§ ACTION ITEM: Everything in the data except the pictures belongs in your answer, copied exactly.

§ THE DATA:
+++++

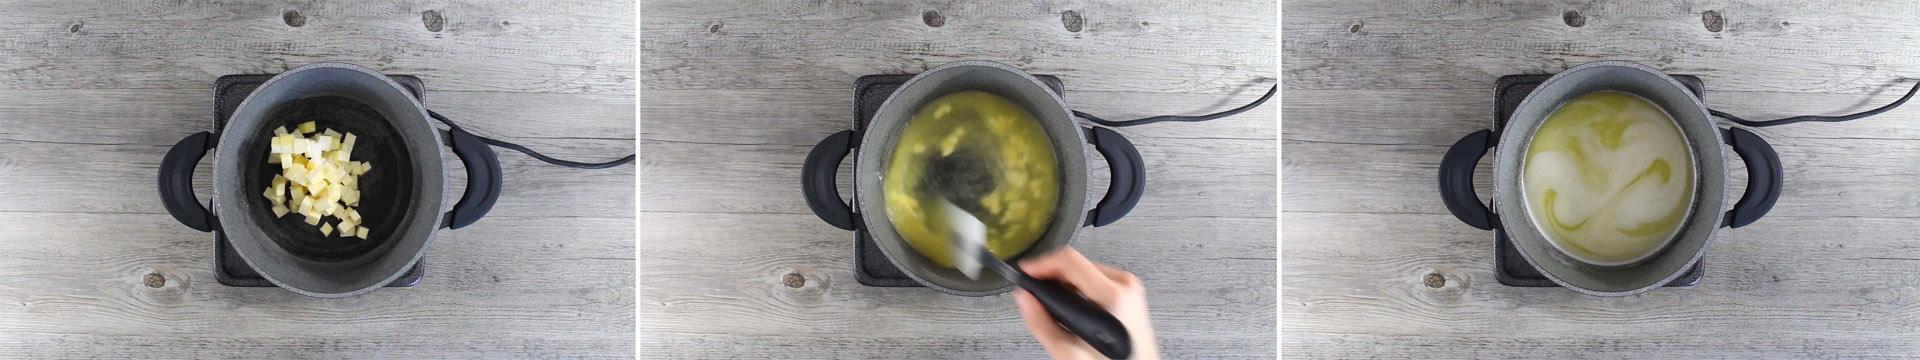 zeppole preparazione pasta choux
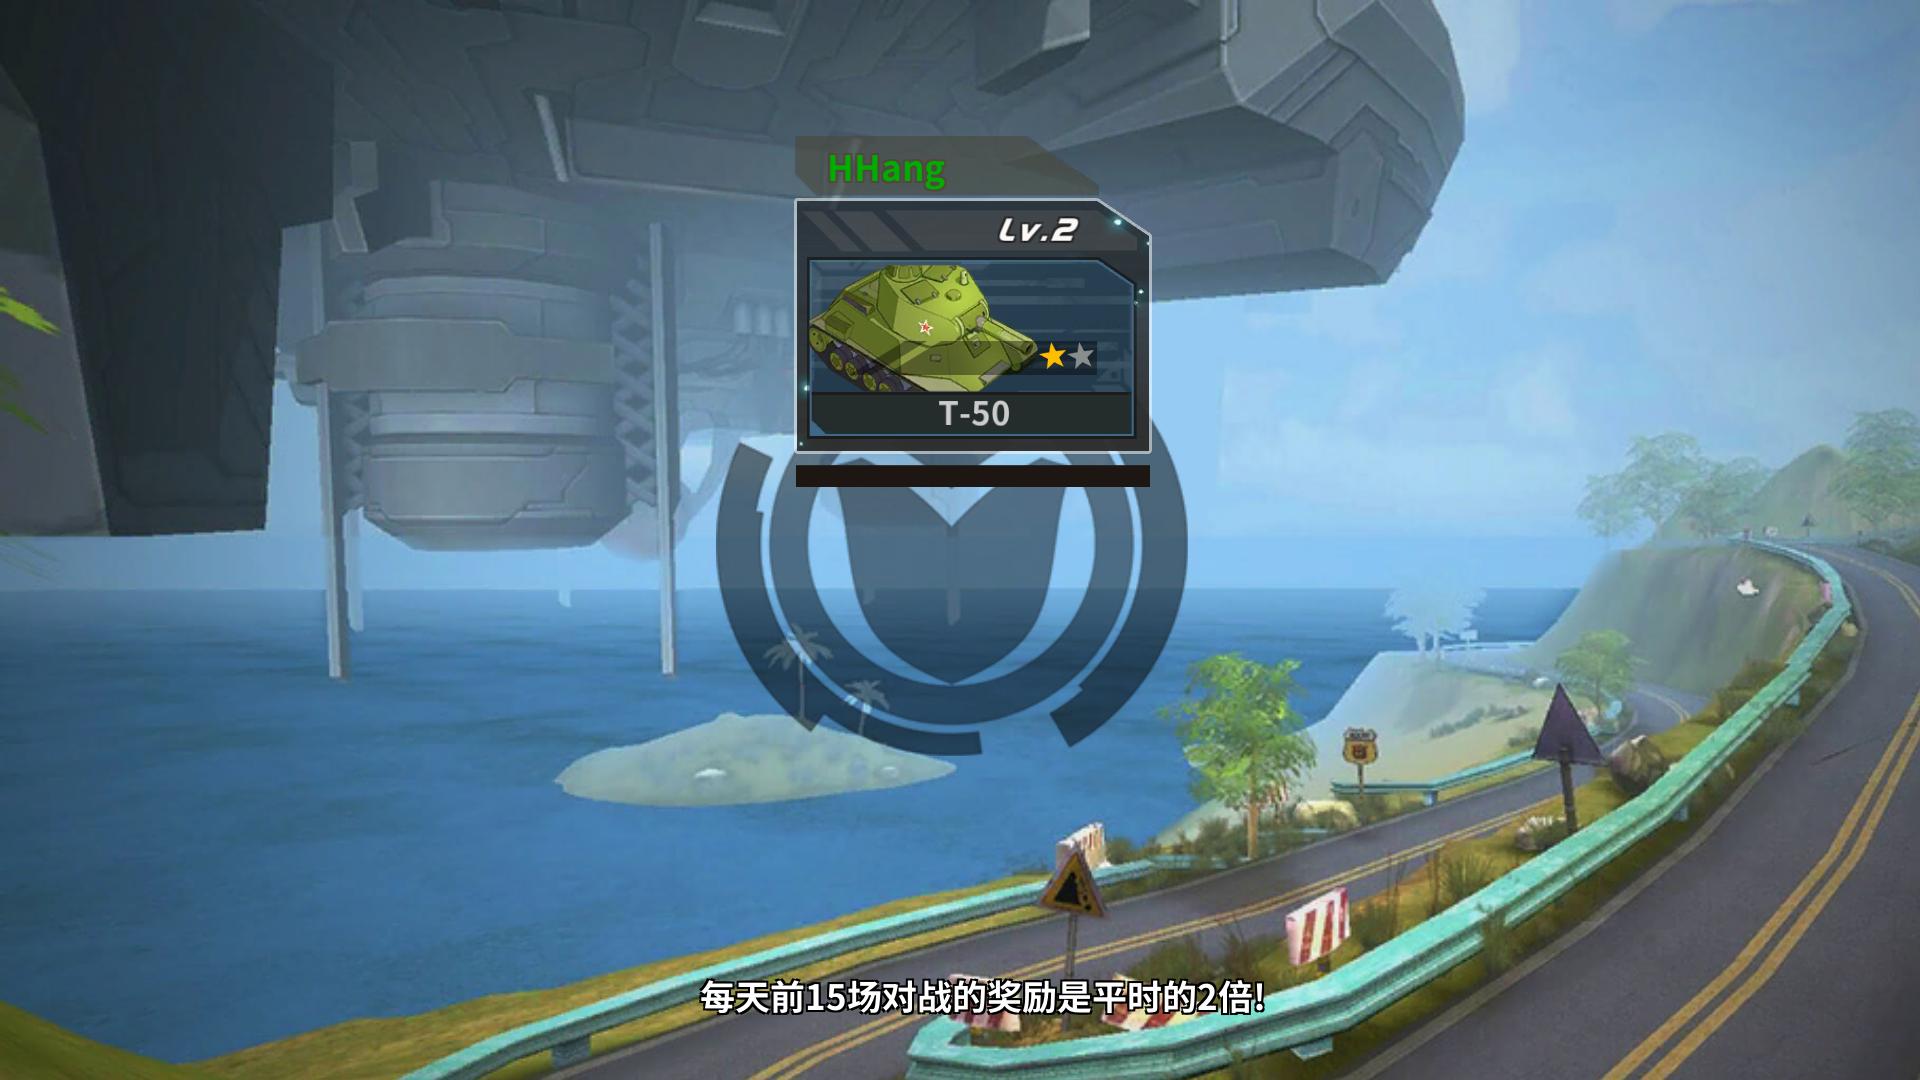 《装甲联盟》游戏截图UI欣赏32
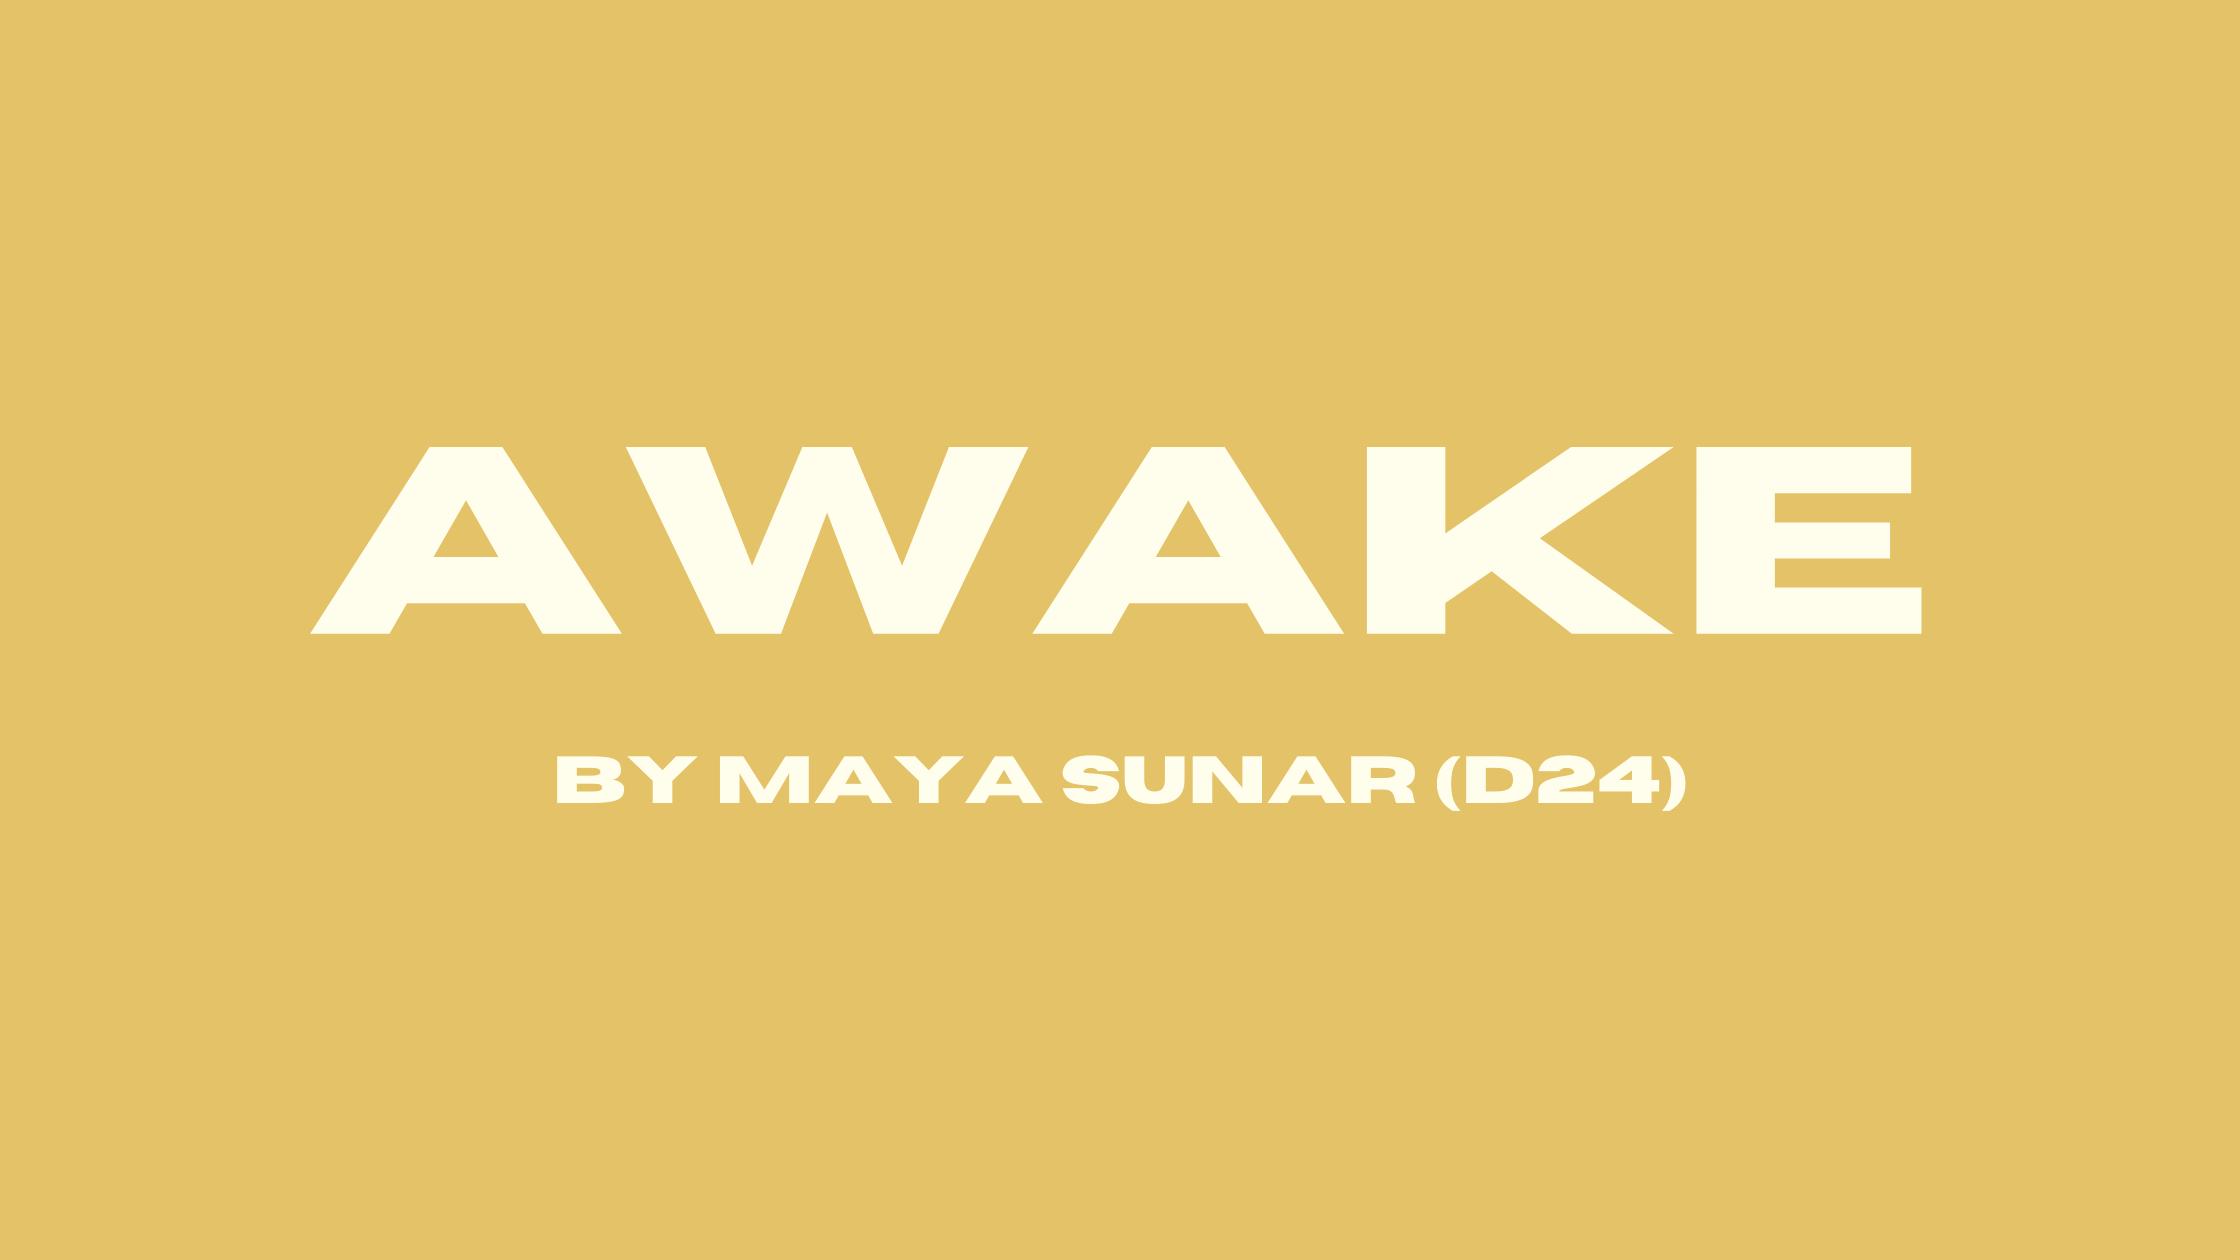 Awake By Maya Sunar (D24)

+++++

§ ANSWER FOR THE TASK:
 zeppole preparazione pasta choux
 《装甲联盟》游戏截图UI欣赏32
 Awake By Maya Sunar (D24)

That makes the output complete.